Versions of inverted coasters have since been produced by other major coaster manufacturers such as Vekoma and Intamin. Intamin has few designs classified as inverted coasters, although they do install inverted coaster trains on some of their launched designs. Vekoma, however, predominantly mass-produced the same design (Suspended Looping Coaster) with 41 identical coasters installed around the world, though Vekoma now markets a newer style of inverted coaster, the Suspended Thrill Coaster, which utilises lap-bar restraints instead of the traditional over-the-shoulder restraints. Vekoma was also the first manufacturer to install a family-friendly inverted roller coaster with the opening of Flying Ace Aerial Chase at Kings Island in 2001. Giovanola also has a single inverted coaster operating, which uses the box-track design, also used by Bolliger & Mabillard.

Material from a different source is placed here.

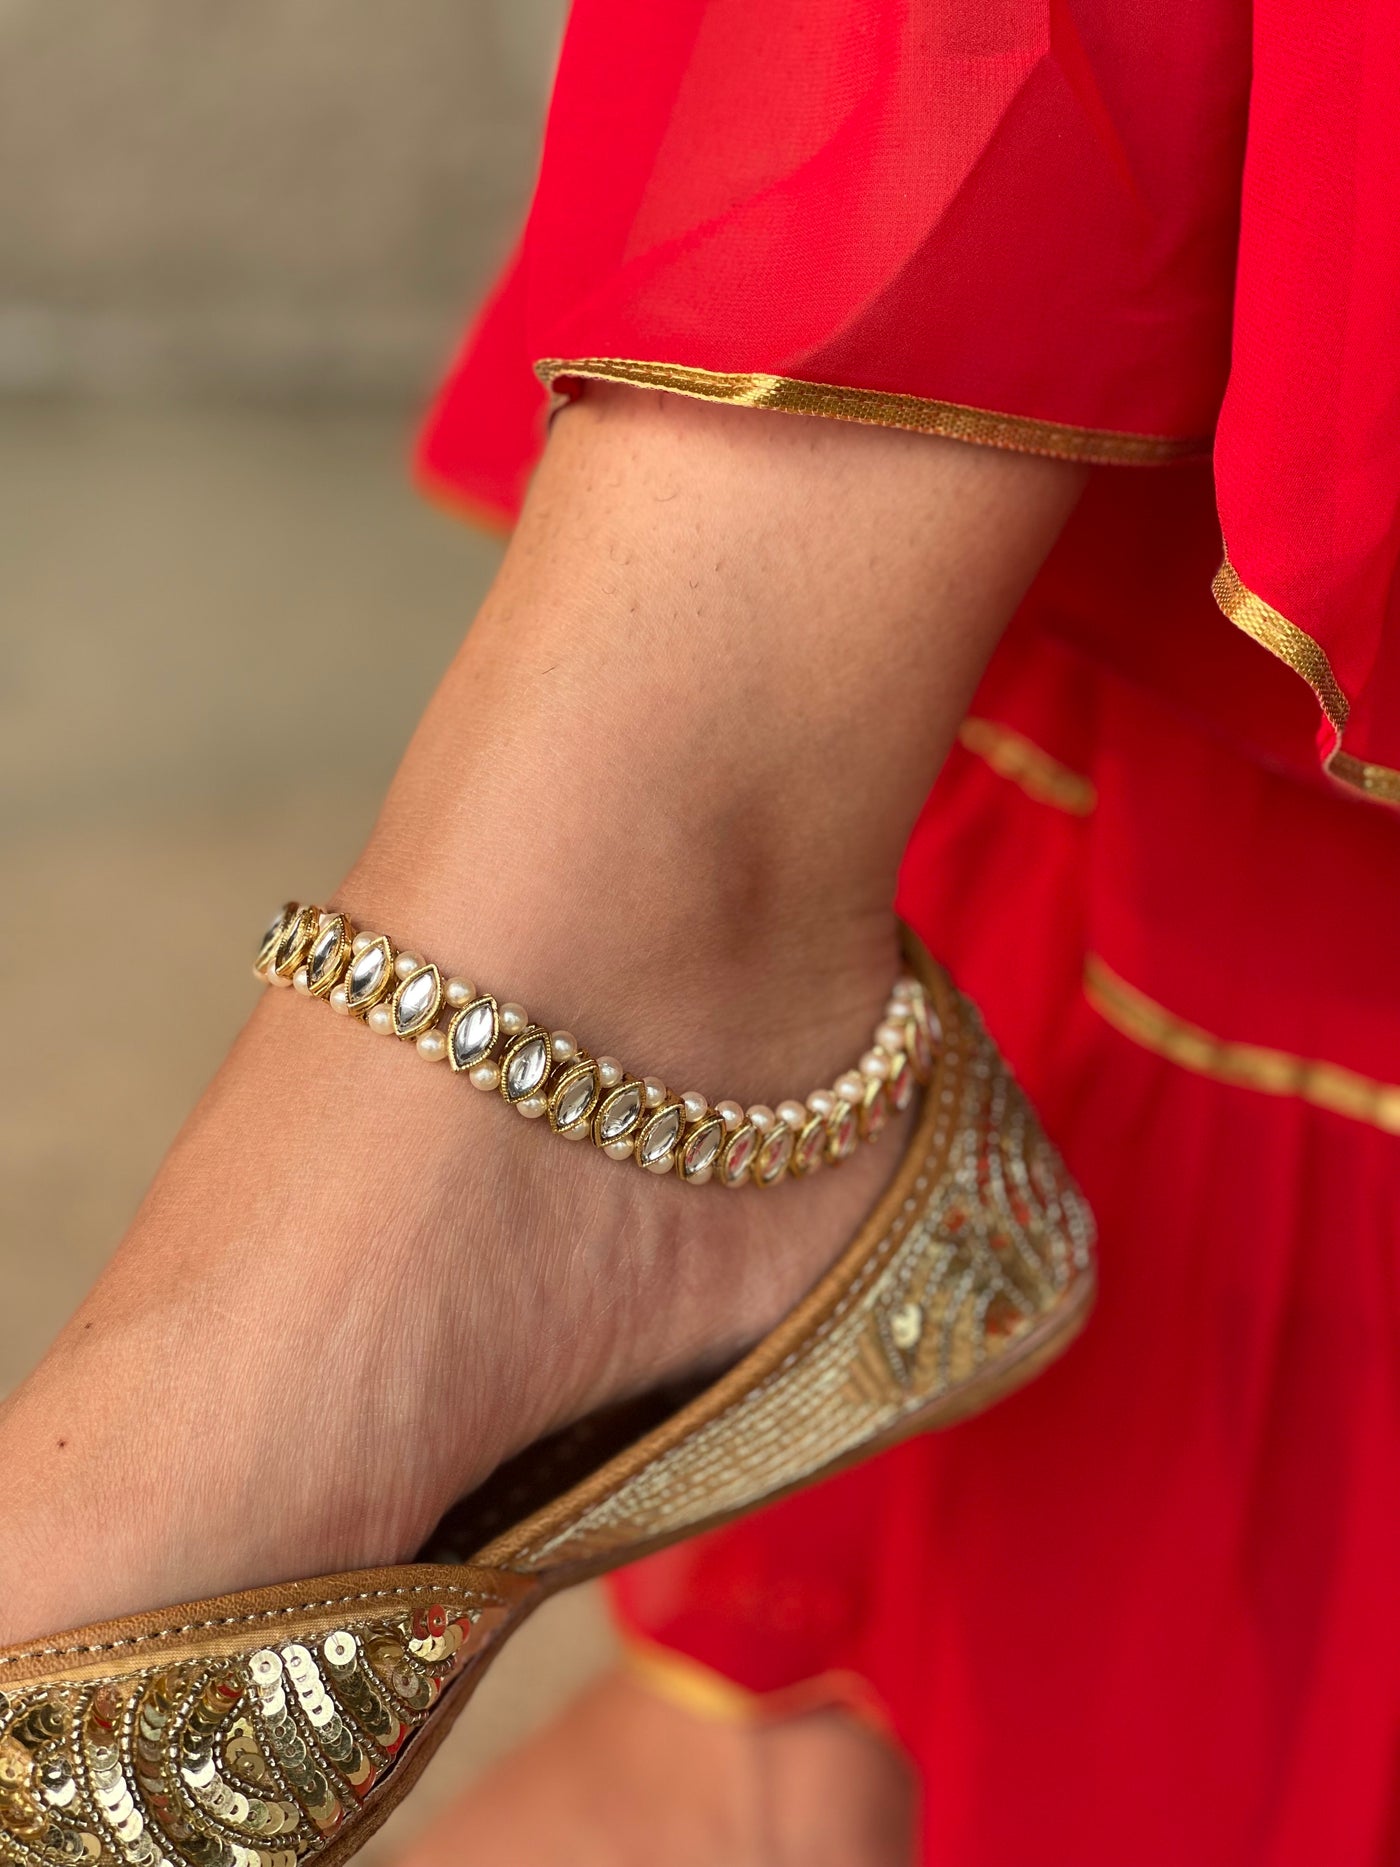 What is the origin and significance of toe rings worn by married Indian  women? - Quora

The inverted coaster differs from the older suspended coaster, which runs under the track, but features cars that enclose the rider's legs and lower body and are attached to the track above by a pivoting bar, whereas the trains on inverted coasters are directly attached to the track. This direct attachment facilitates inversions, which aren't possible on suspended coasters. Inversions typically featured on inverted coasters include vertical loops, zero-g rolls, Immelmann loops, cobra rolls, and corkscrews, though Vekoma's suspended loopers typically feature sidewinder and in-line twist elements.

==History==
The inverted coaster was developed in the early 1990s by engineers Walter Bolliger and Claude Mabillard of the Swiss roller coaster manufacturer Bolliger & Mabillard in cooperation with engineer Robert Mampe and Jim Wintrode, at the time the general manager of Six Flags Great America, who first envisioned a suspended coaster capable of inversions. The result of this partnership, Batman: The Ride, soft opened at Six Flags Great America as the first inverted coaster in the world on May 2, 1992, officially opening on May 9, 1992. With the coaster's success, Time Warner, Six Flags' parent company at the time, moved to construct a series of duplicates of the ride at various Six Flags parks. In 1993, a second installation of Batman: The Ride at Six Flags Great Adventure opened as the second inverted coaster in the world. Six Flags has since gone on to construct five additional duplicates of the ride.

The second unique inverted coaster was Flight Deck which opened in 1993 at California's Great America as Top Gun. Nemesis, now Nemesis Reborn, was the first inverted coaster constructed outside the United States when it opened at Alton Towers in Staffordshire, England in 1994. That same year, Raptor opened at Cedar Point. With a 3,790-foot (1,160 m) track layout, Raptor was far larger and featured a less compact layout than its predecessors. It also featured the first cobra roll on an inverted coaster.

== Installations ==
231 inverted roller coasters have been installed at various theme parks, some of which have been relocated. The following list is not exhaustive and only shows the most notable installations.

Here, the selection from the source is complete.